Possible Collaboration on Higher Context Models: Users @rtyax and @kaltcit expressed interest in training Yi-200K models with higher context counts. @kaltcit stated they have a model targeting academic and QA use, emphasizing that it would not be useful for jokes/stories/raps as it’s not trained on Airobo/Dolphin datasets.
Advantages of Large Batch Sizes: During a discussion on training models, @kaltcit explained that larger batch sizes could help deal with unexpected loss increase in the middle of training.

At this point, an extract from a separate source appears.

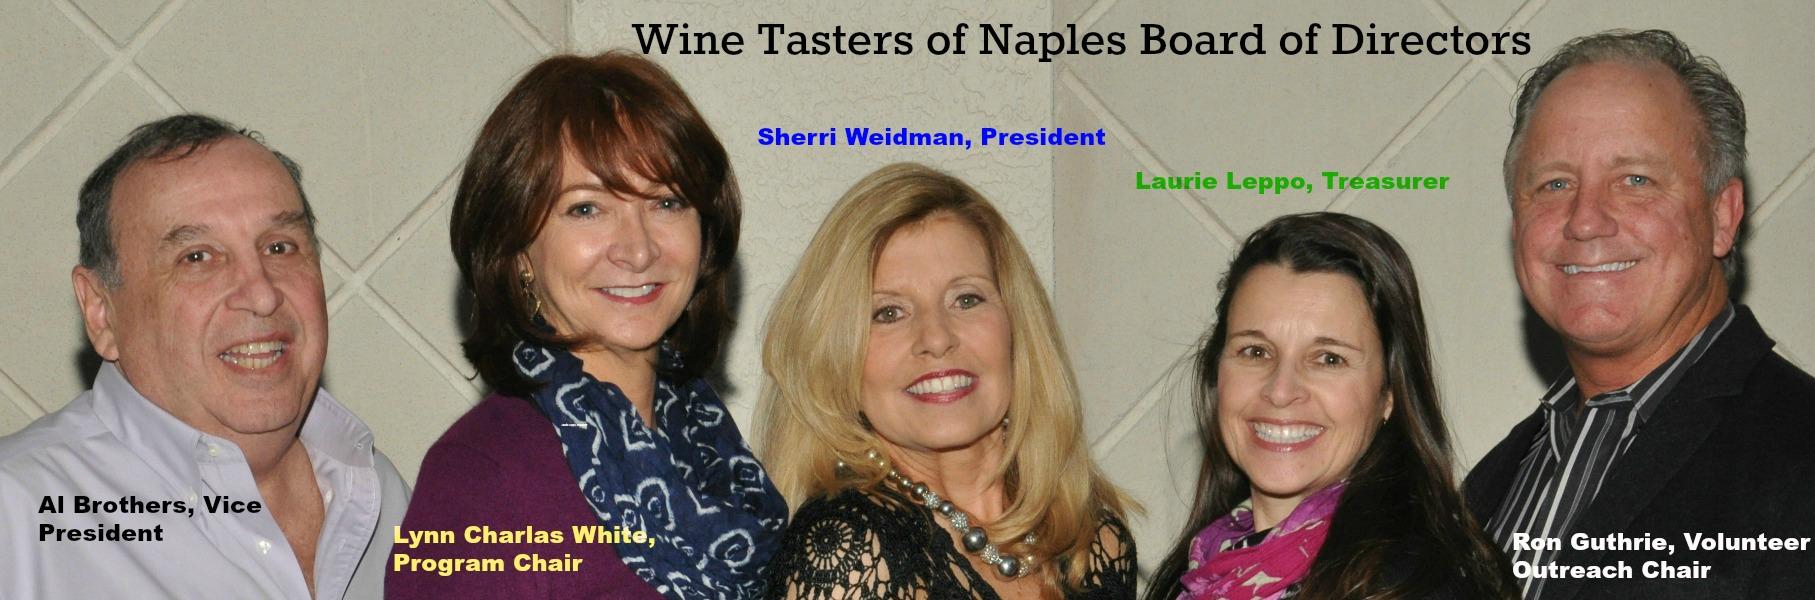 Wine Tasters of Naples, Board of Directors

Larger batches also allow for a higher learning rate, which can lead to lower losses.
Training Resources and Recommendations: @faldore advised @kaltcit to form an LLC and apply for Microsoft’s Startup program to obtain Azure credits for training. @kaltcit mentioned they already had unlimited research credits with Google for their GCP A100 US central quotas.
Troubleshooting Model Launching: @papr_airplane shared issues launching BakLLaVA-1 due to non-consecutive token issues. @nanobitz suggested manually fixing this by adjusting the tokenizer_config.

▷ #axolotl-dev (7 messages):

Discussion about Integrating PEFT and AWQ:
- @caseus_ queried whether fixes in PEFT should be upstreamed, or if autoawq could be added as an install extras.
- @casper_ai proposed adding AWQ to the requirements and provided code snippet for incorporating AWQ with PEFT: import awq.modules.peft_patch.
- @caseus_ confirmed the necessity of adding AWQ to the requirements.
- @casper_ai suggested using the AWQ version from PyPi which ships with CUDA 12.1 over the one on GitHub with CUDA 11.8, as PyPi tends to simplify the process.

▷ #axolotl-help (36 messages🔥):

Issues with flash-attn versions: User @casper_ai reported experiencing issues when using flash-attn==2.3.6 with the standard RunPod template with torch 2.1.1 and cuda 12.1.1. The issue was resolved by downgrading to flash-attn==2.3.3.
Issues with NCCL timeout: User @vijen. queried how to disable the nccl timeout that was encountered when running the train command after preprocessing. @caseus_ suggested checking out resources on handling NCCL issues in the GitHub repository and mentioned recent updates on the accelerate library that might solve the issues.
Increased inference time post model merger: @DavidG88 noticed a significant increase in inference time after merging QLoRA adapter with a 7b Mistral base model using axolotl. The issue was specifically prominent when benchmarking the models using llm-evaluation-harness.
Prompt formats for ShareGPT: @mave_2k asked about the prompt format for ShareGPT interfacing with a trained model. @tim9422 provided instructions, sharing links to relevant parts of the code. He also warned about inconsistency issues with an extra line break in the ChatML separator and offered to create a PR to fix it.
Recommendations for Inference Tools: When asked about recommended tools for running inference, @nanobitz recommended using ooba.

Remember that these are third-party suggestions based on personal experience. Always test different solutions and choose what works best for your use case.

▷ #datasets (15 messages🔥):

Double token inclusion in dataset format: @dirisala noticed that when using the “completion” dataset format with llama based models, the framework was adding <s> token at the beginning even though it was already in the dataset. This was resulting in the token being included twice.
Potential solution to double token issue: @nanobitz suggested removing it from the dataset prior to processing and added that the inclusion of tokens like <s> is based on the tokenizer used.
DolphinCoder dataset: @faldore shared a link to the DolphinCoder dataset on Hugging Face and mentioned plans to train a model on it.
Coding-multiturn dataset: @faldore expressed the need for a good coding-multiturn dataset, suggesting that the sharedGPT dataset might be filtered for coding related conversations.
Retro-YahooAnswers dataset: @visuallyadequate posted a link to a new dataset called Retro-YahooAnswers from Yahoo Answers circa 2007, but warned that the dataset contained sensitive content and might not be a good dataset for serious assistant models, except perhaps as seed data for a synthetic dataset.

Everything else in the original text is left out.